Sparks v. State

Annotate this Case

248 Ind. 429 (1967)

229 N.E.2d 642


No. 30,669.

Supreme Court of Indiana.

Filed September 20, 1967.

*430 John R. Jett, of Terre Haute, for appellant.

John J. Dillon, Attorney General and Carl E. VanDorn, Assistant Attorney General, for appellee.


Appellant was charged by indictment in the Vigo Circuit Court of Vigo County, Indiana, with the crime of First Degree Murder as the result of the death of Brenda Dawn Frederick from a gunshot wound.

The shooting and death occurred on October 8, 1962. On that date appellant was seventeen years of age, and the victim of the shooting, Brenda Dawn Frederick, was three years and four months of age. Brenda's father, Peter Frederick, is appellant's half brother.

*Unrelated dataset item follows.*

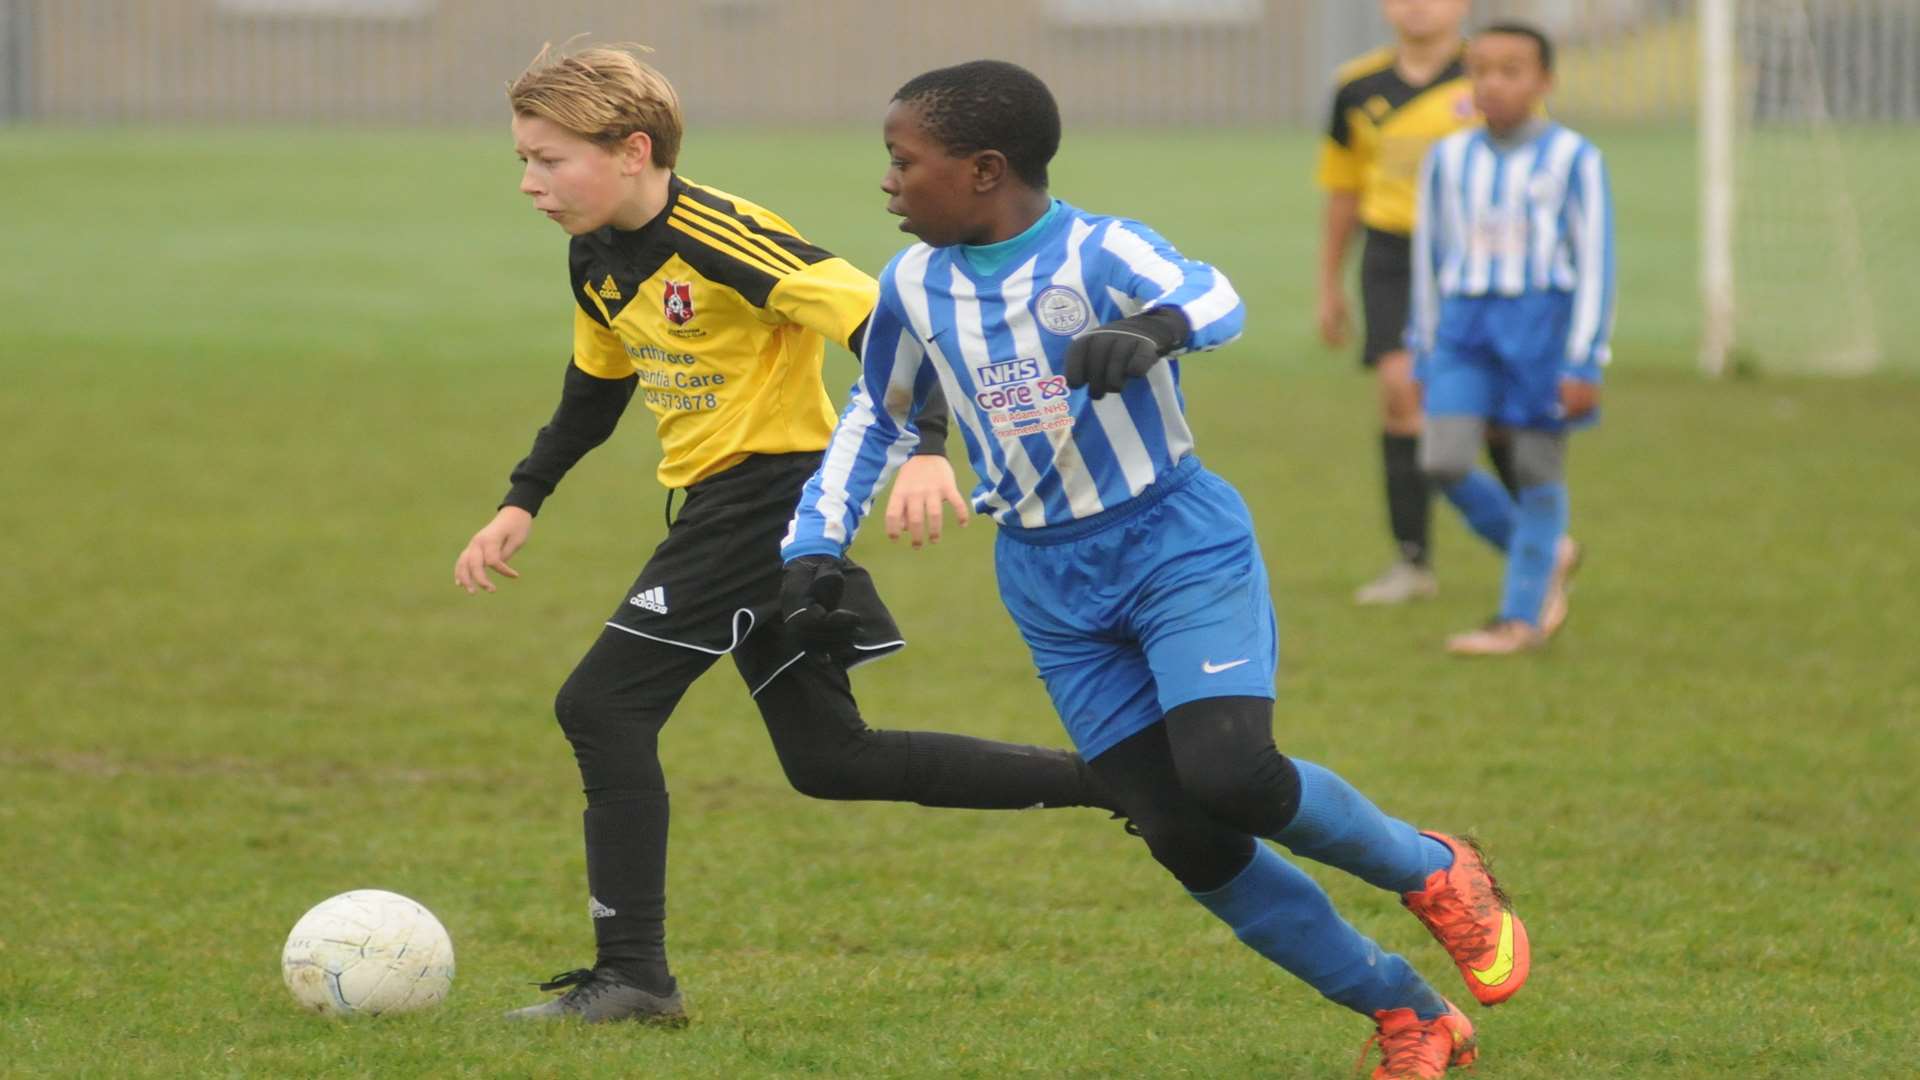 Chatham Riverside Rangers and Thamesview under-12s do battle in Division 3 Picture: Steve Crispe

Appellant had been employed to take care of the Frederick children (including Brenda) during the day while the children's parents worked. On the day in question appellant had sent the two older children to school. Brenda remained at home with the appellant, and later a neighbor boy, Jimmie Walker, aged four years, came to the house to play with her.

About 11:35 a.m. on October 8, 1962, the police received a call from appellant to come to the Frederick home where they found the body of Brenda on the floor and appellant present. Brenda had been shot in the head, The gun, a 22 caliber revolver, was lying on a tricycle seat a few feet from the body. The police took appellant to the City Hall with instructions to "Hold for Probation Department." On the way to the City Hall and while there, the police interrogated appellant as to what had occurred at the Frederick home. Appellant first stated that Brenda had shot herself and signed a statement or confession to that effect, which was introduced at the trial as State's Exhibit No. 11.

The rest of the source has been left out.